Так! Стоп, однако. Какой, нафиг, Pegasus Vulgaris в наших широтах? А? Мы чё, в Греции живём, окрест горы Парнас? Эт же тока там, на пажитях тамошних, эти самые пегасы обретаются. Траву местную хавают. А нахававшись вдосталь, воспаряют к высотам облачным, к самому навершию горы Парнаской. А вокруг пастбищей тех, пииты эллинские в засаде сидят, дни напролёт за пегасусами теми наблюдая. И как тока какой-нибудь пегасус травы той чудесной натрескается и начнёт крыла свои распускать, готовясь к небесам воспарить, так они всей гурьбой на него кидаются, и оседлать норовят. И ежели какому-нибудь наиболее ретивому пииту это удаётся, то пегасус тот его на спине своей к самой вершине горы Парнас вознесёт, где, как известно, музы местные обретаются. А пииту-то именно этого и надобно. Именно, что с музой какой-нито пообщаться. В приватной, понятное дело, обстановке. Ведь после такого вот общения плодотворного, пиит тот в пенаты свои весьма вдохновлённым возвертается. И после того ещё долгое время великолепные вирши строчит, своих соплеменников радуя, а себя бессмертной славой покрывая. Во-о-т. Так, о чём это я? А да! Это к тому, что откуда ж пегасу такому тут у нас взяться-то? Ведь ни горы Парнас с музами соблазнительными, ни пажитей с травой, крылья дарующей, у нас нетути. Так, что бабка чегой-то явно мутит. Ну да ладно, чё уж там.

Так вот. Тут уж Ваня наш аж взвился весь.

— Так чёж ты тут, карга старая, канители разводишь! Давай сюда пегасуса сваво, пущай он немедля мне дорогу показывает.

— Ишь ты, резвый какой. — Бабуля на Ивана зыркнула. — Да не ерепенься ты так, а то глядишь, чего доброго воздух испортишь, от натуги-то. Не боись, ща я пегаса энтого кликну.
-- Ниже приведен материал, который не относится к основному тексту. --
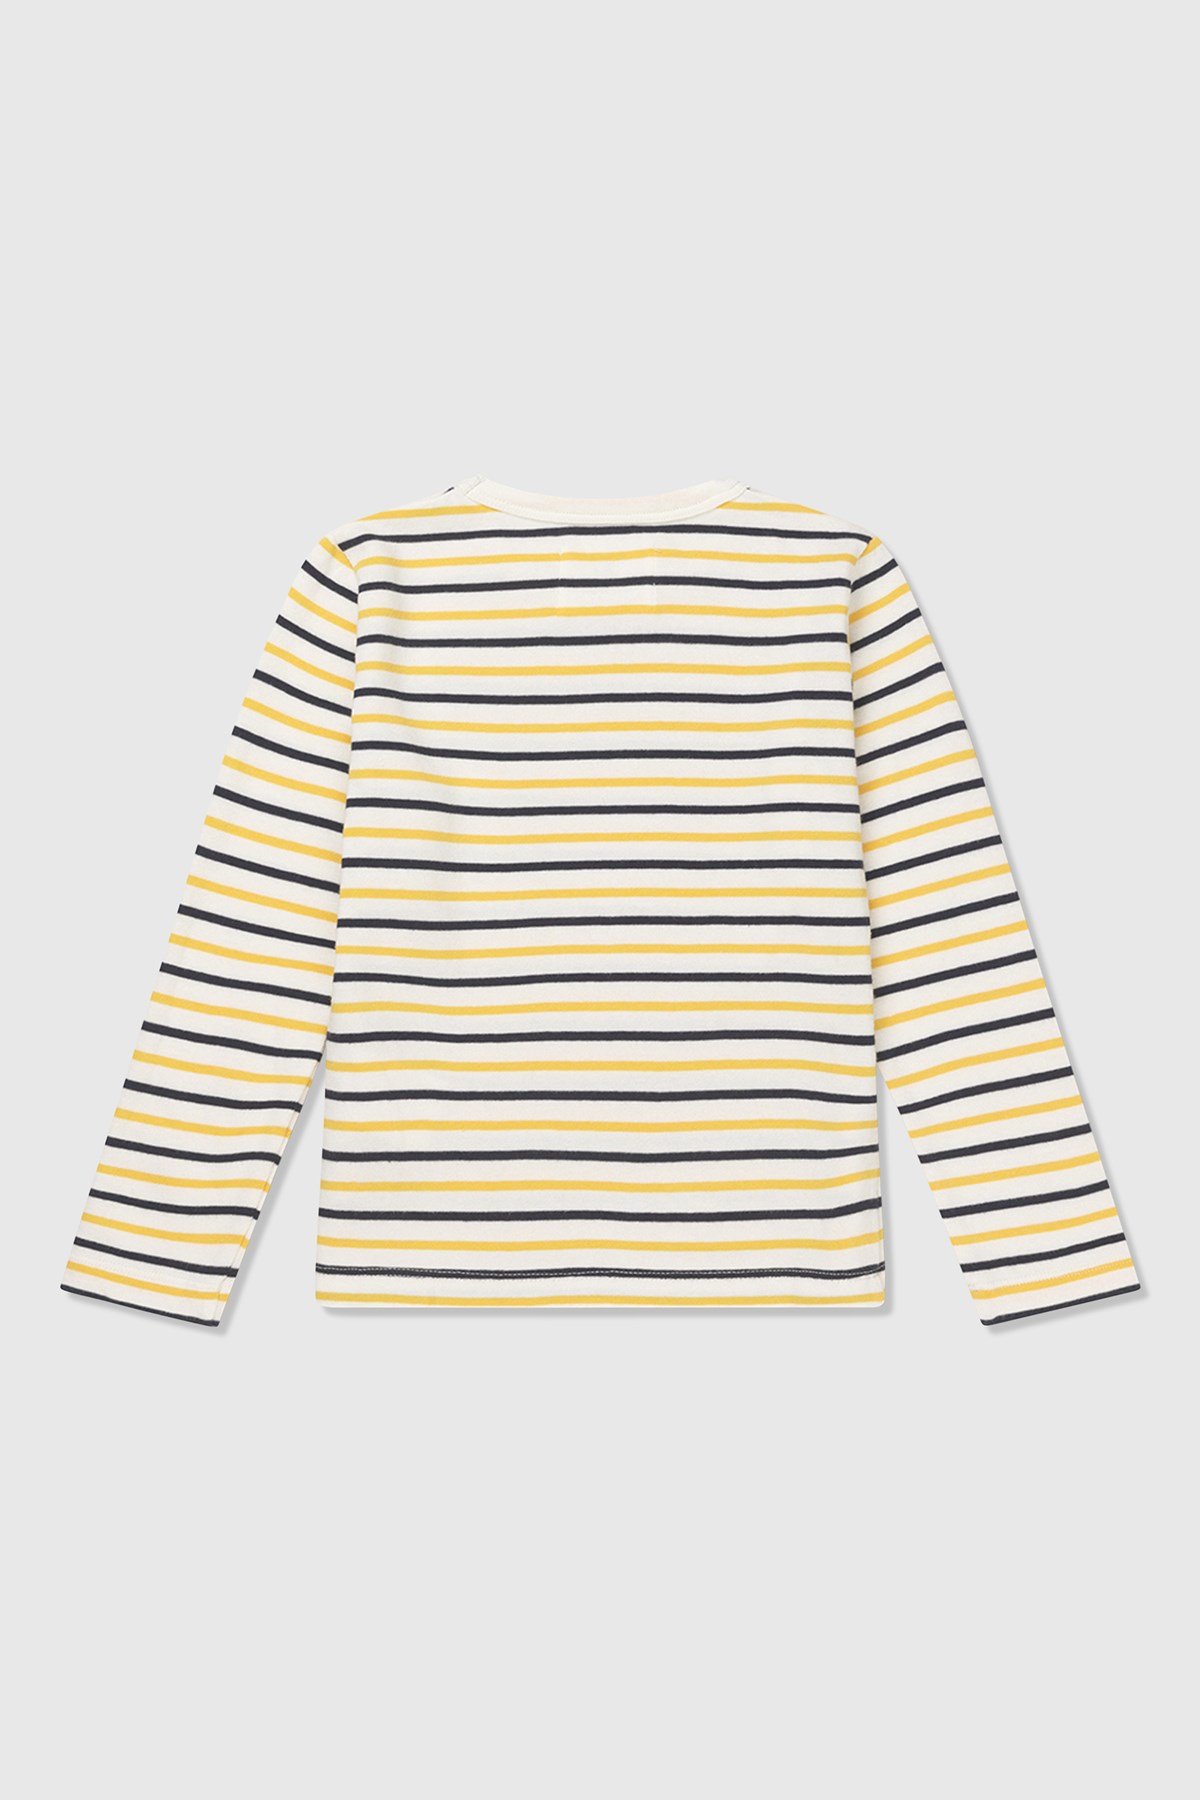 Double A by Wood Wood Kim stripe kids LS T-shirt Off-white/yellow stripes

Тут бабуля Ягуля вокруг себя три раза оборотилась, руками помахала, аки мельница ветряная, в три пальца засвистала посвистом разбойным (аж дерева к земле пригнулись). Гаркнула клич какой-то на древнеэллинском наречии. Ваня не разобрал даже. В вольном переводе что-то на вроде: «Сивка-бурка, крылатая каурка, встань передо мной аки папирус перед травой!» Ну, или чё-нибудь в этом роде.

Тут чаща лесная расступилась и на поляну Пегас выплыл. Иван-Царевич аж рот раззявил, да и застыл так. И было от чего. Пегас-то конь стати отменной, любому ахалтекинцу сто очков вперёд даст. Причём, что это именно конь – сразу видно, даже на расстоянии, даже не вооружённым глазом. Масти чисто белой, без единого пятнышка. Грива шелковистая такая, аж до самой земли переливается. Крыла развёрнуты, аж пол неба закрывают. Короче, диво ещё то!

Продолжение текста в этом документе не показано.